DeepLearning.ai Study Group II
Report of Week 11
Deep Learning Study Group II is a 16 week-long study group, in which we cover advanced deep learning study series for AI enthusiasts and computer engineers. We follow up materials on https://www.deeplearning.ai each week and get together on Saturdays to discuss them.
On February 16, we continued to study Convolutional Neural Networks further, together with Ahmet Melek, by examining various case studies to learn how to build a well-functioning convolutional neural network on our own.
Melek started the session by reminding us of the concepts we covered during last week’s discussions such as pooling, padding, and stride. Then, he proceeded to underline the importance of evaluating the neural networks previously built by other people to see which tasks they perform in what manner in order to apply them to our own problems in terms of computer vision. While building a neural network architecture to solve such problems, we can begin by implementing a number of “classic” neural networks called LeNet-5, AlexNet, and VGGNet. Now, let’s take a look at the distinctive features of these models.
7 layers ( 3 convolutional, 2 pooling, 1 fully connected and output layer)
Used to classify handwritten grayscale digits
Softmax classifier (another classifier was implemented previously)
The deeper you get (from left to right) the more the height and width reduce, and the more the channels increase.
Sigmoid activation function
The first neural network that got widely recognized.
Similar to Le-Net but much deeper.
8 layers (5 convolutional, 3 fully connected)
ReLu applied after all convolutional and fully connected layers
Used to have local normalization applied after ReLus but is deemed unnecessary in today’s world.

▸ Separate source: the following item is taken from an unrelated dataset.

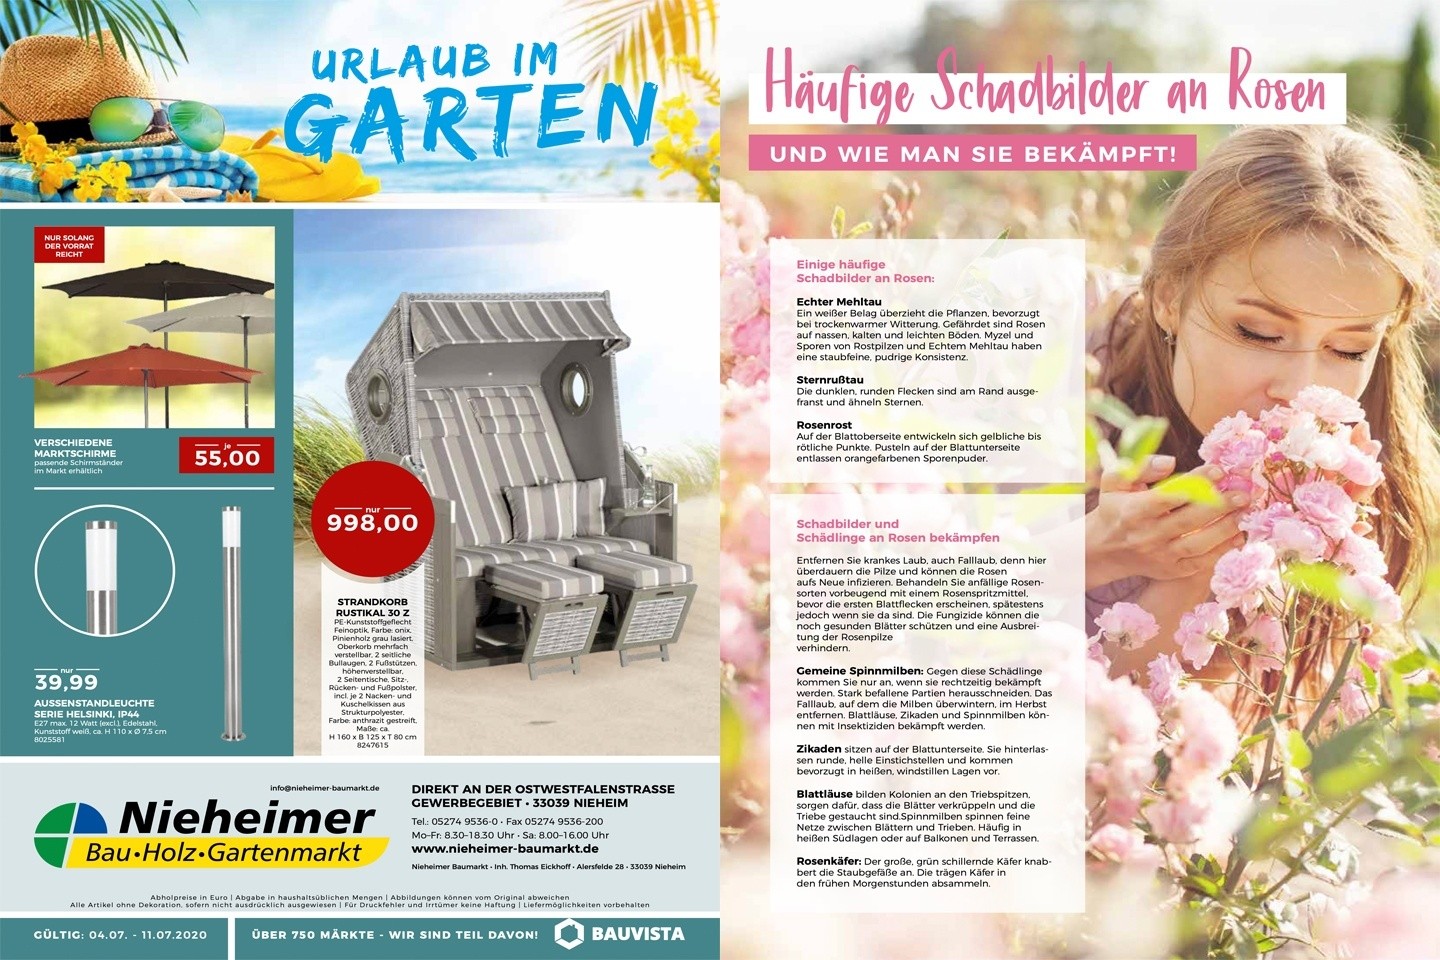 Urlaub im Garten - Sonderangebote unseres Partners Nieheimer Baumarkt

Uses dropout to solve the overfitting issue.
16 convolutional layers
Replaces large size filters with multiple stacked smaller size (3x3) filters, which increases the depth of the model.
Easy to implement since it is highly uniform.
Apart from the above mentioned traditional neural networks, Melek went onto introducing some newer ones, which are popular for their ability to train deeper neural networks without missing out on the accuracy.
The first one is called Residual Neural Network (ResNet for short) that helps us avoid vanishing the gradient problem by training our model through residual modules.
Reduced filter sizes
More than 100 layers
Increases depth and accuracy without increasing the error
Before further introducing another model; Melek mentioned 1x1 convolution, a feature pooling technique used for reducing dimensions, adjusting the channel sizes and adding non-linearity to our models to add more data and training. Due to these facts, using 1x1 convolutions is the main thing that makes Inception Network, which is a type of neural network makes more work being done with less computational power.
To understand the Inception Neural Network, we need to begin by fully grasping the inception module, which is constructed by combining the filters from all sizes and performing convolutional on the output from the earlier layers. The module enables a sparse convolutional neural network to function with a construction having a normal density.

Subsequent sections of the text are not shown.